As linhas gerais do documento já haviam sido citadas ontem (31), no evento paralelo “Equidade em Ação: Acelerando Abordagens Inclusivas para Reduzir o Risco de Desastres”, que aconteceu como mesa redonda aberta à participação social no escopo discussões de alto nível do Grupo de Trabalho.

Compêndios: para além da Declaração Ministerial

Ainda ontem (31), o Grupo já havia lançado seis compêndios para orientar a gestão de riscos em casos de eventos extremos.

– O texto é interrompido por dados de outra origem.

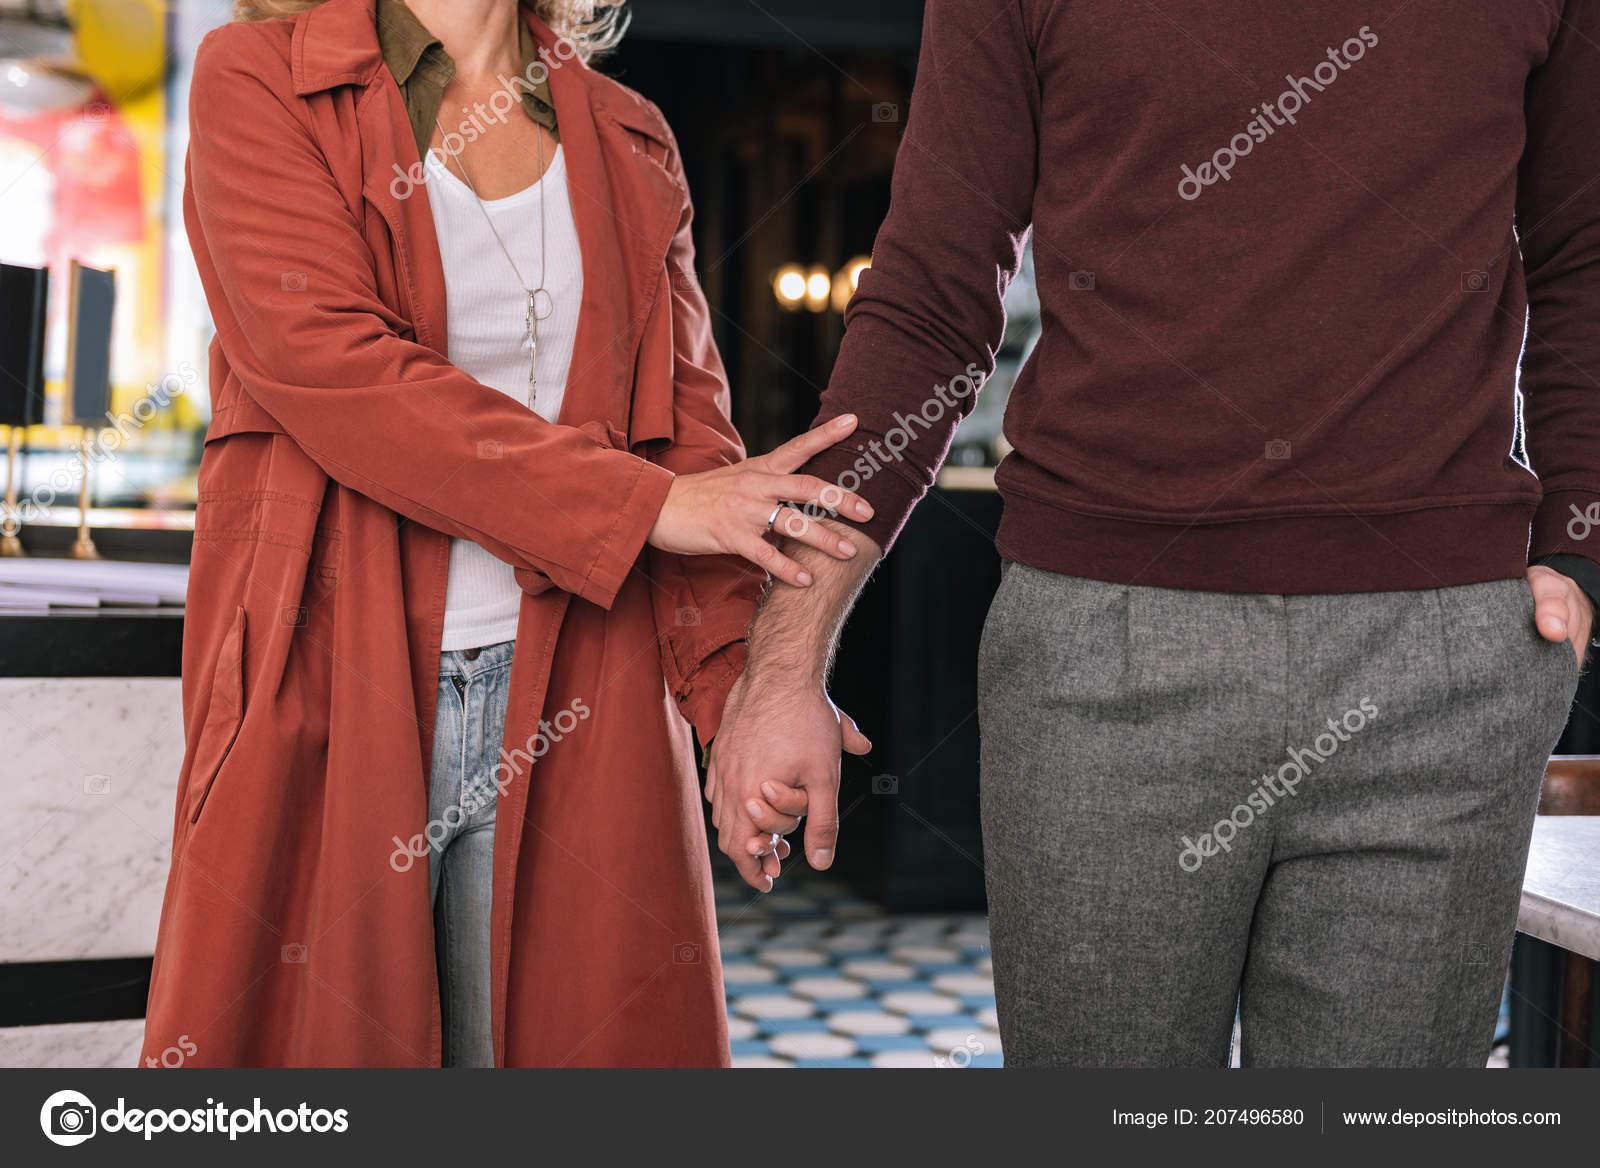 Große Alterslücke bei der DatierungMännlicher Dating-Blog

O conjunto de publicações foi resultado de uma série de debates entre autoridades internacionais e representantes de movimentos sociais e sociedade civil organizada e focou nos seguintes temas:

1. Engajamento de pessoas em situação de vulnerabilidade
2. Infraestrutura resiliente a desastres
3. Soluções baseadas na natureza
4. Recuperação inclusiva e resiliente
5. Sistemas de Alerta Precoce
6. Abrigamento de crianças, mulheres, adolescentes e pessoas em situação de risco

Desenvolvidos com a colaboração do Escritório das Nações Unidas para Redução de Riscos de Desastres (UNDRR), Coalizão para Infraestruturas Resilientes a Desastres (CDRI), Organização das Nações Unidas para a Educação, a Ciência e a Cultura (Unesco), Organização Meteorológica Mundial (OMM) e o Fundo das Nações Unidas para a Infância (Unicef), os compêndios oferecem diretrizes fundamentais e estudos de casos que servirão de referência para as nações.